You should test yourself on the second date to see if you don't need alcohol. Just smile a lot. Seriously smile, but not creepy. As in laugh at her jokes.


----------



## Entrensik (Apr 25, 2014)

i wouldnt drink unless your going to get physical with her, because thats when you need HUGE balls


----------



## xxDark Horse (May 13, 2015)

Cassoulet94 said:


> Ok I have a date tomorow with that girl i met on tinder.
> 
> I'm 21, still virgin and i never actually kissed a girl haha.
> 
> ...


What happened?


----------



## Eoe (Mar 12, 2015)

How did it go?


----------



## Cassoulet94 (Apr 3, 2014)

Not well... I was so drunk and so anxious when I arrived that when we finaly met and i wanted to say hello, i started to cry and i run back at home.

No, just kiding. 

Nothing happened, since her phone was out of battery. We both waited half an hour in the bar, unaware that the other was here as well. I looked for her several times but as i have never seen her, it wasn't easy to find her (the bar war petty big).

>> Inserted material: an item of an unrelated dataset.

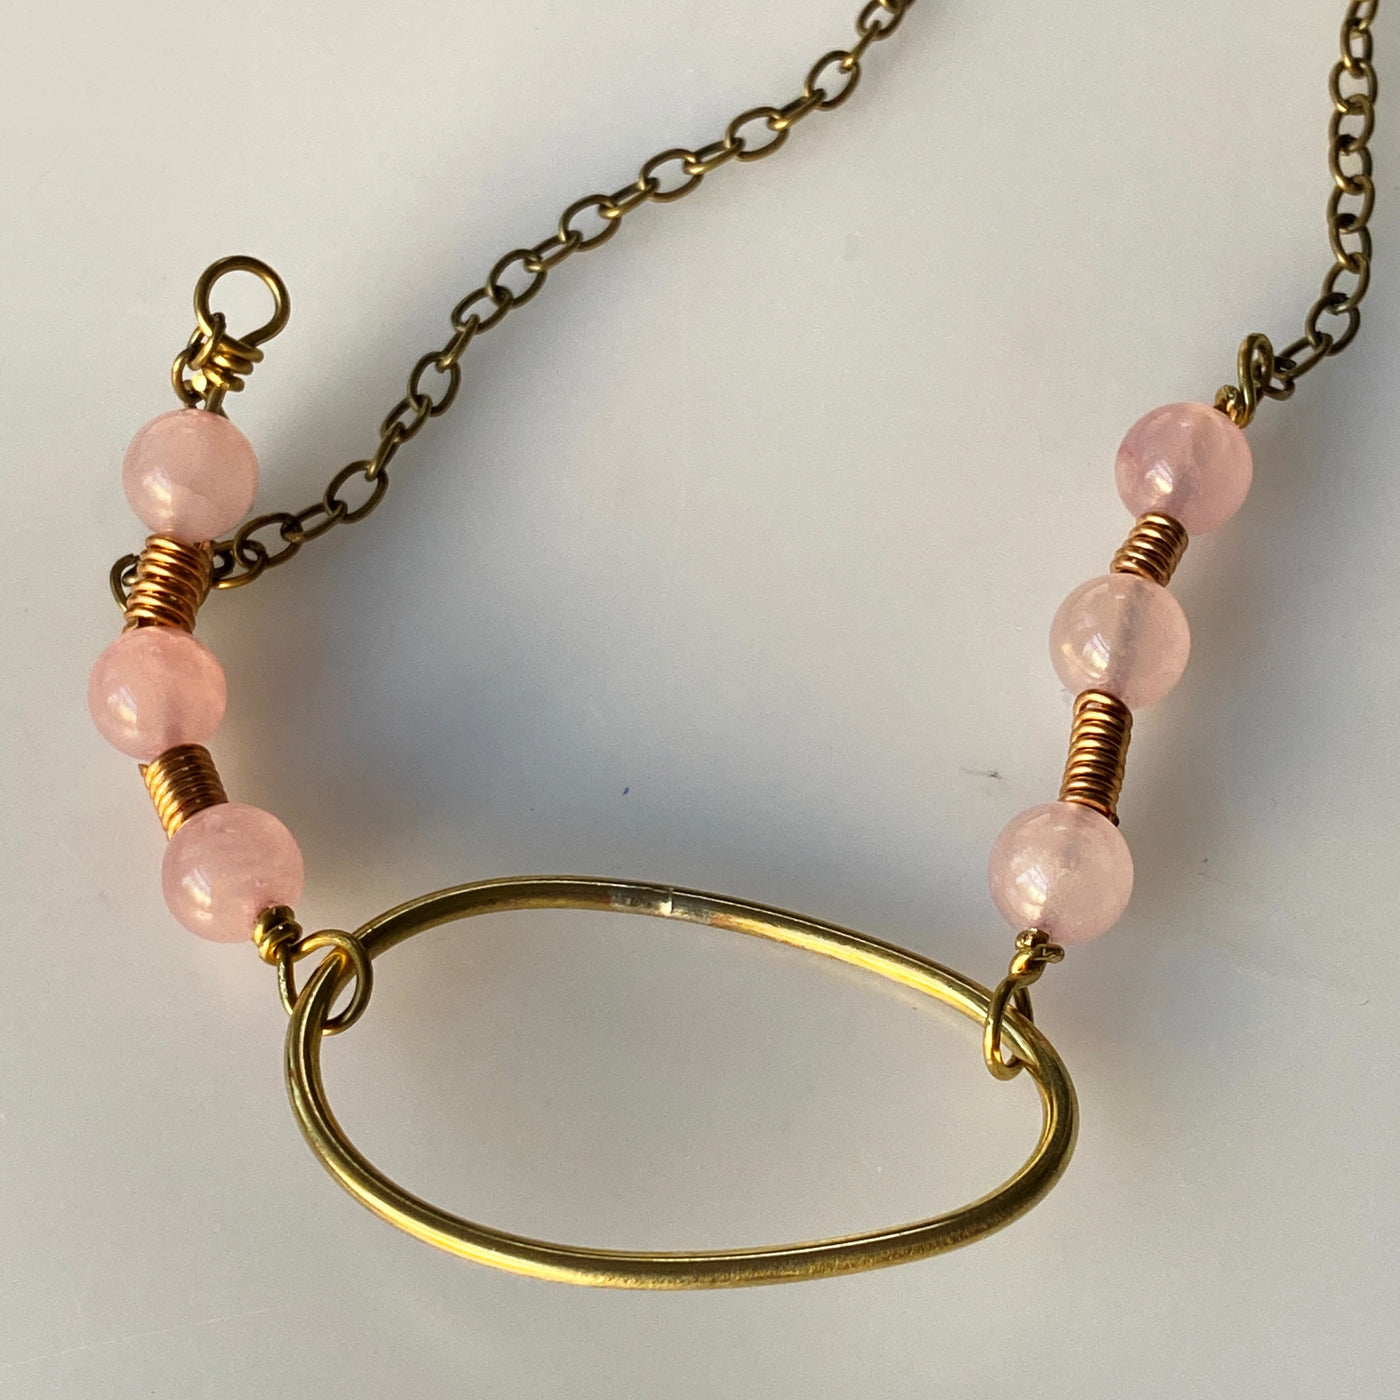 Rose quartz and copper oval necklace.

I was rather upset because i thought that she didn't come. I made it clear in the messages i sent her.

An hour later she told me what happened. So i said that i was willing to give it one more try and i gave her my number (until that moment we were communicating through tinder only). She accepted and she gave me her number.

So a new date is settled next tuesday.

I hope i will like her because i put som effort in all that, so it would be frustrating if it is useless.

Thanks for your interest !


----------



## Cassoulet94 (Apr 3, 2014)

Ok it was higly weird. Don't know what to think. This girl, she was just... weird. Nice but weird.


----------